- **Work item**
Everything in the listing below must be reproduced exactly, apart from its images.

- **Provided material**
· · · ·
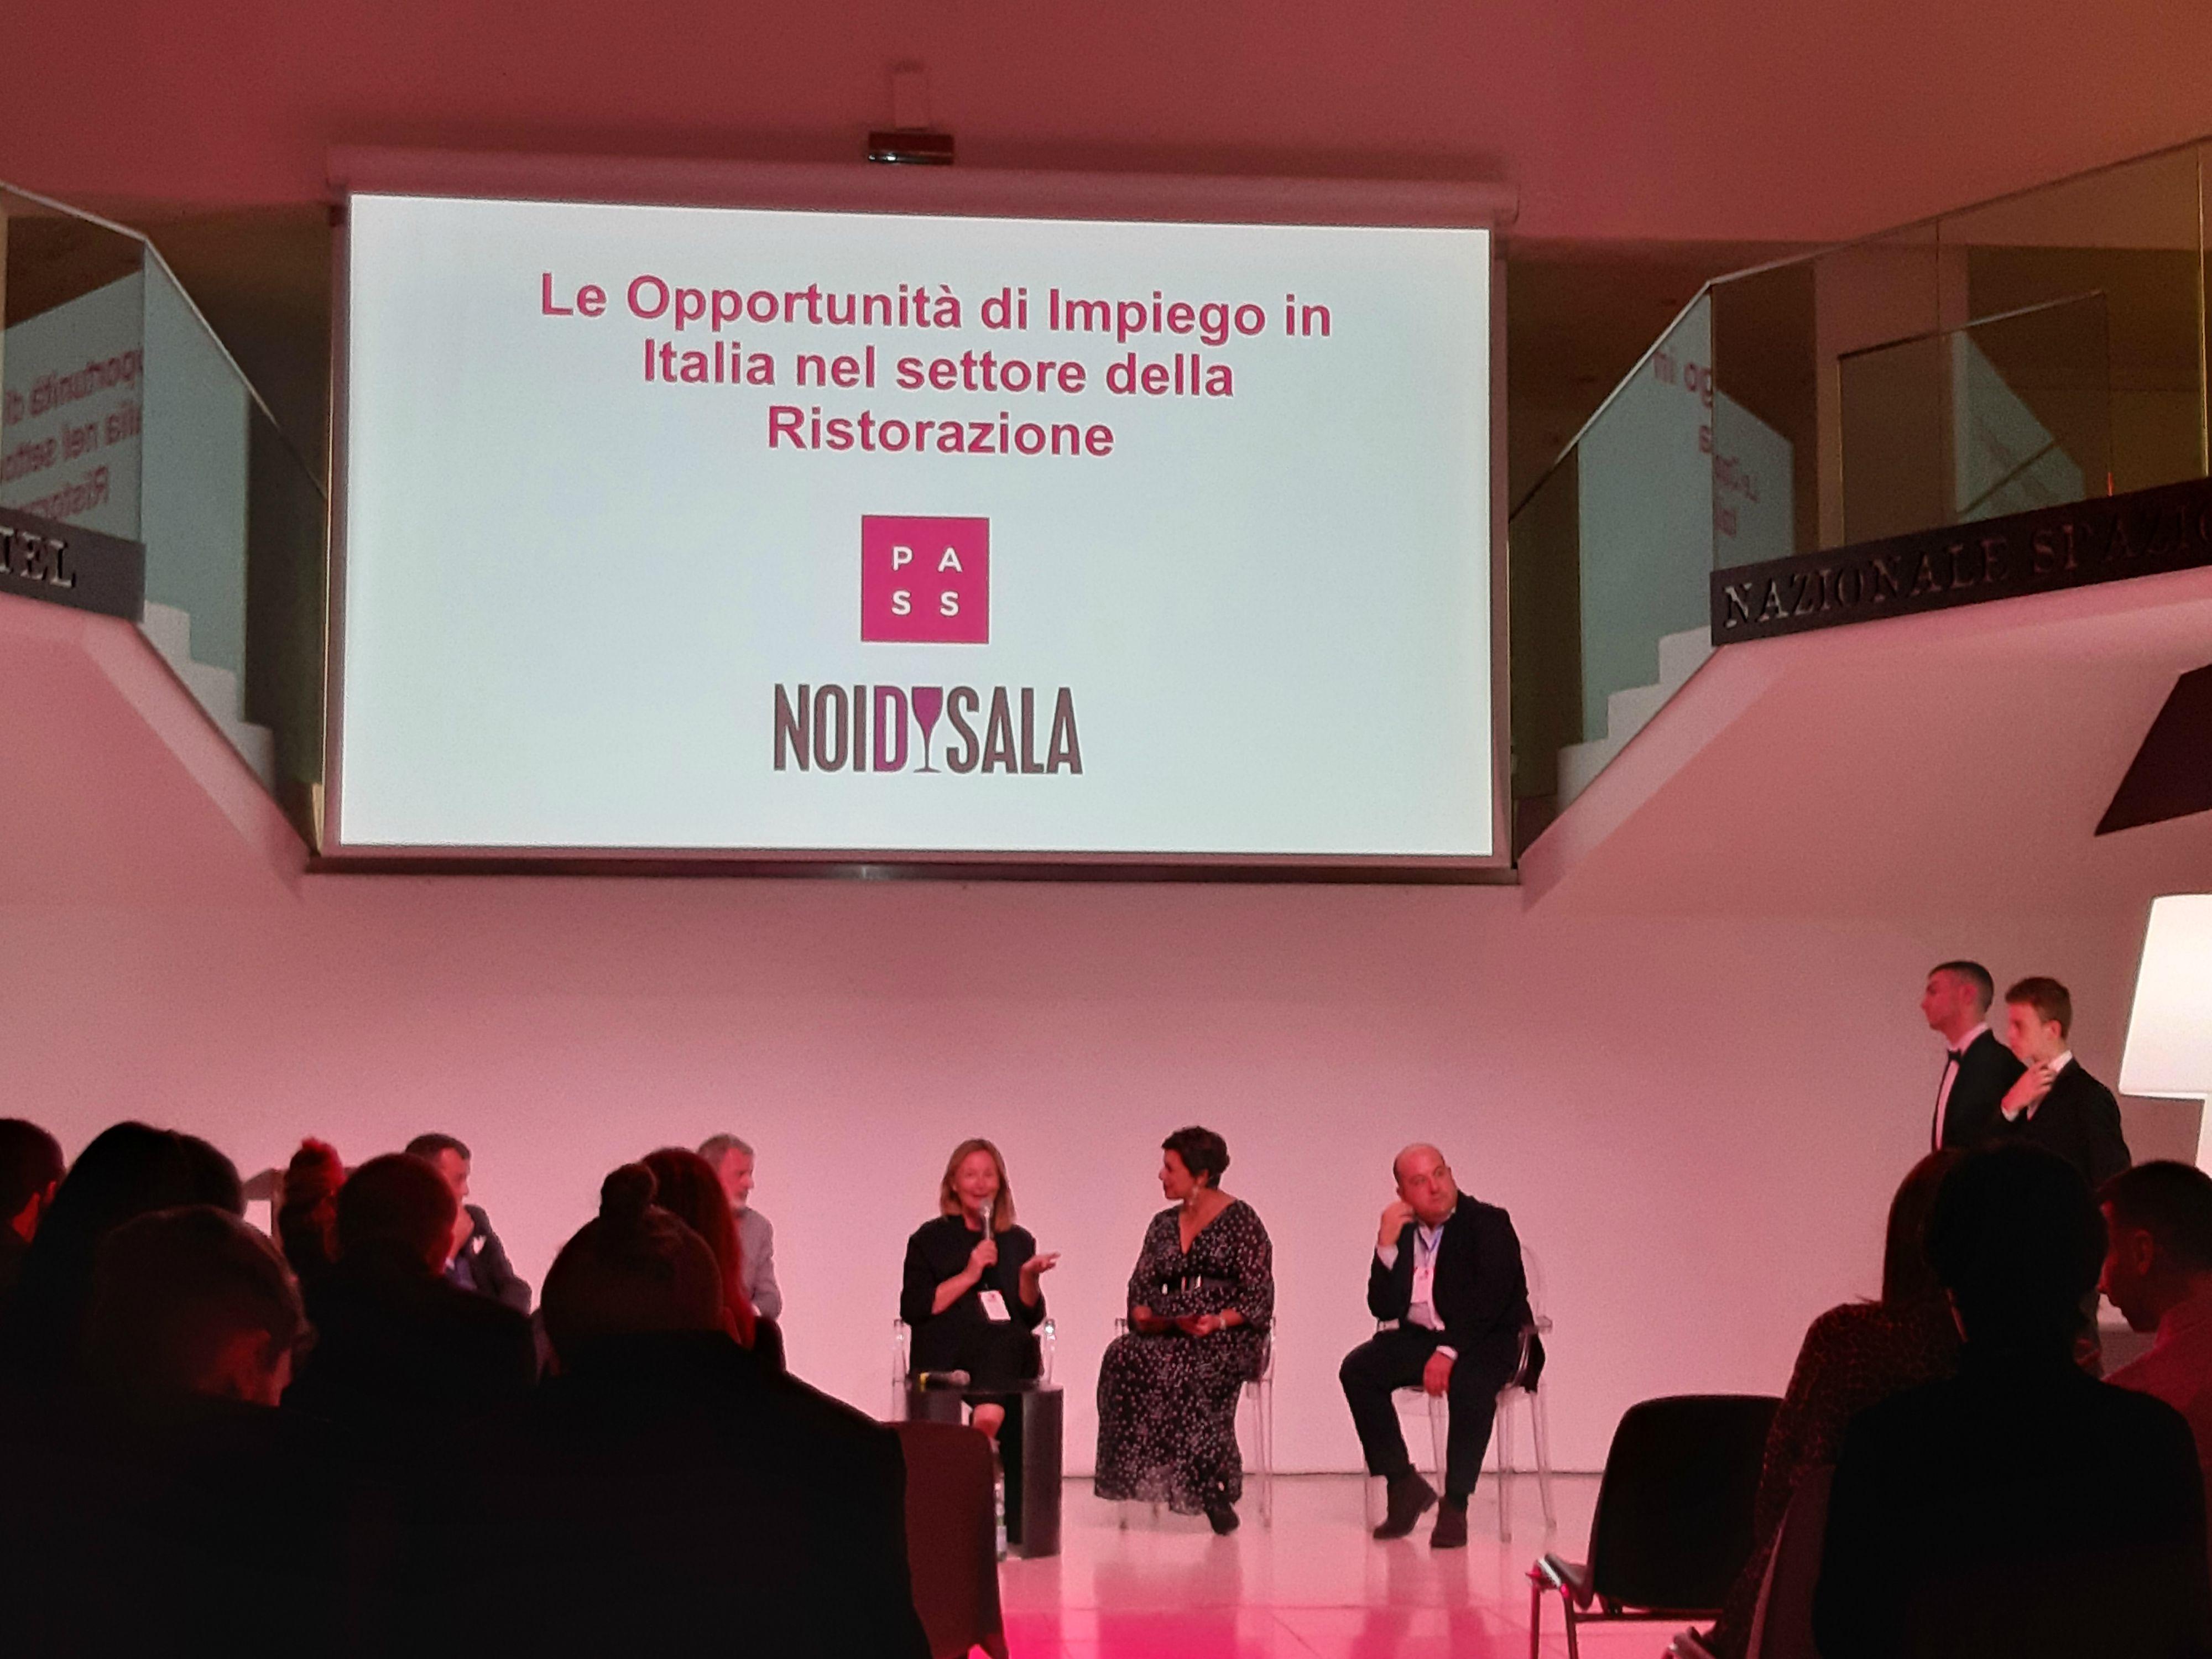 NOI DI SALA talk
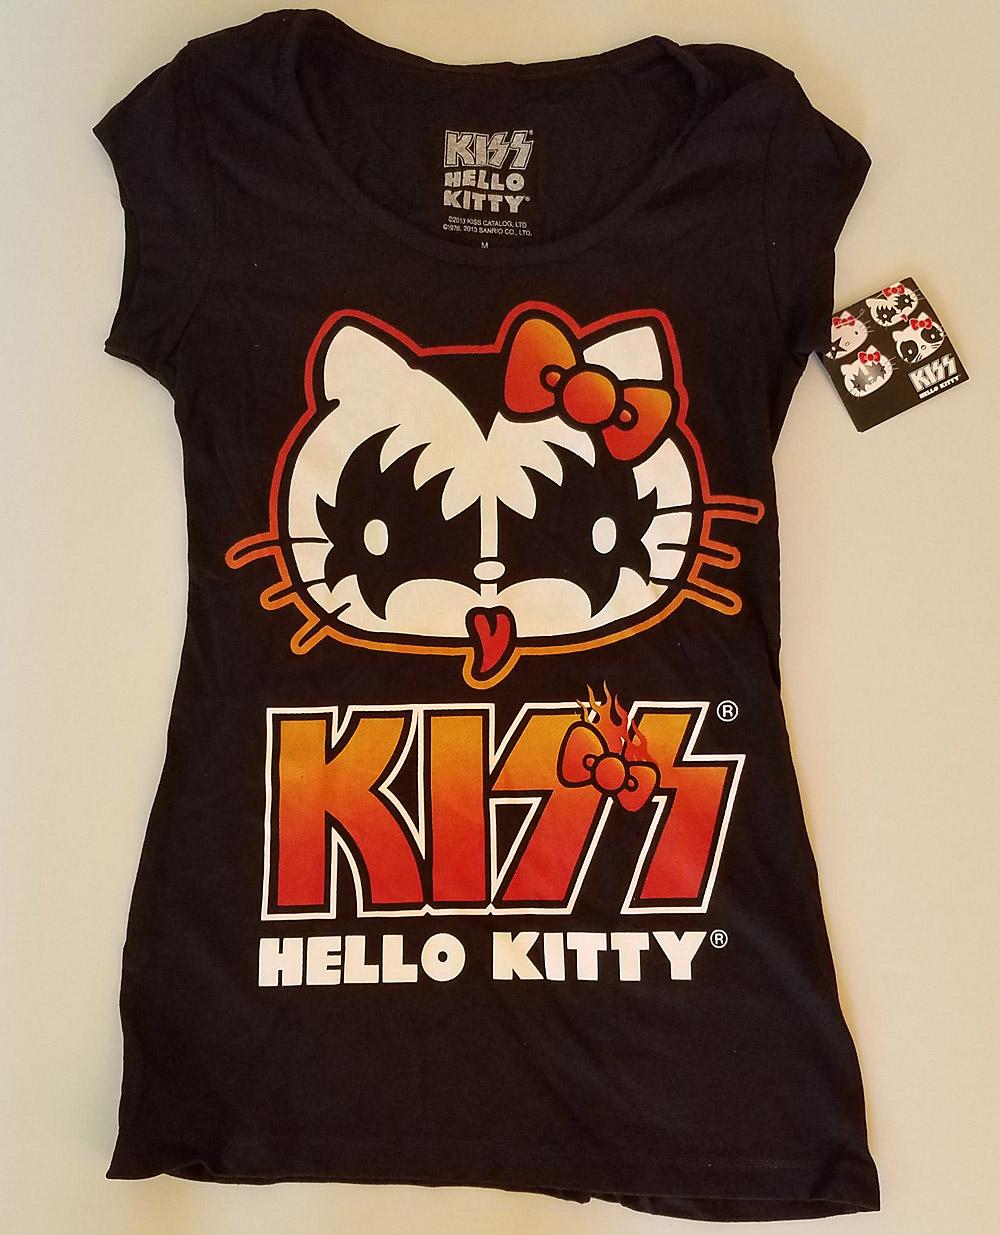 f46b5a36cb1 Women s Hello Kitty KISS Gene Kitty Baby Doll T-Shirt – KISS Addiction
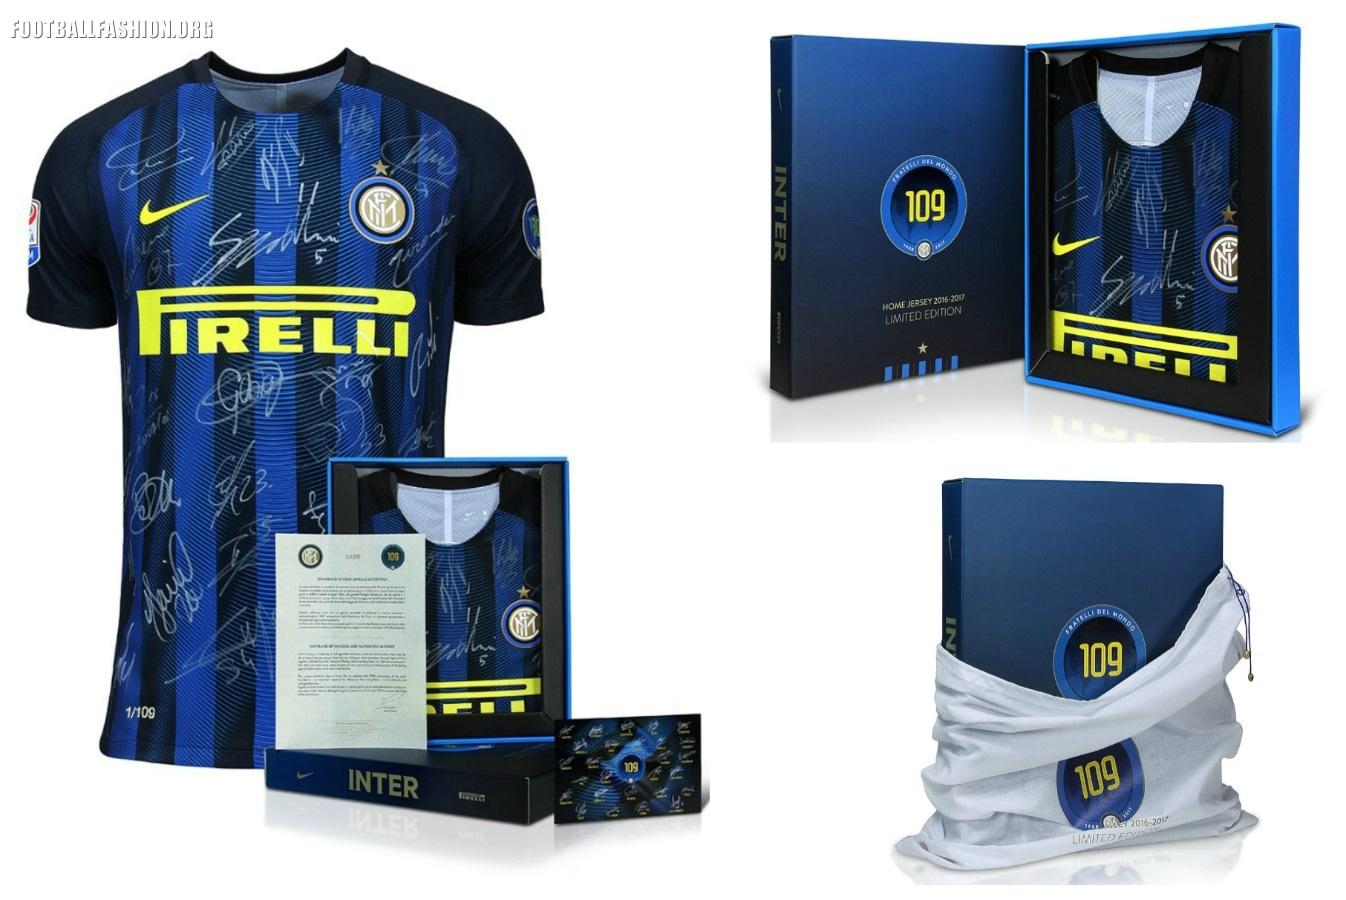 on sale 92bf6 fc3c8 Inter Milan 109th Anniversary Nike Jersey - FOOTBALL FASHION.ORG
· · · ·
- **Your solution**
 NOI DI SALA talk
 f46b5a36cb1 Women s Hello Kitty KISS Gene Kitty Baby Doll T-Shirt – KISS Addiction
 on sale 92bf6 fc3c8 Inter Milan 109th Anniversary Nike Jersey - FOOTBALL FASHION.ORG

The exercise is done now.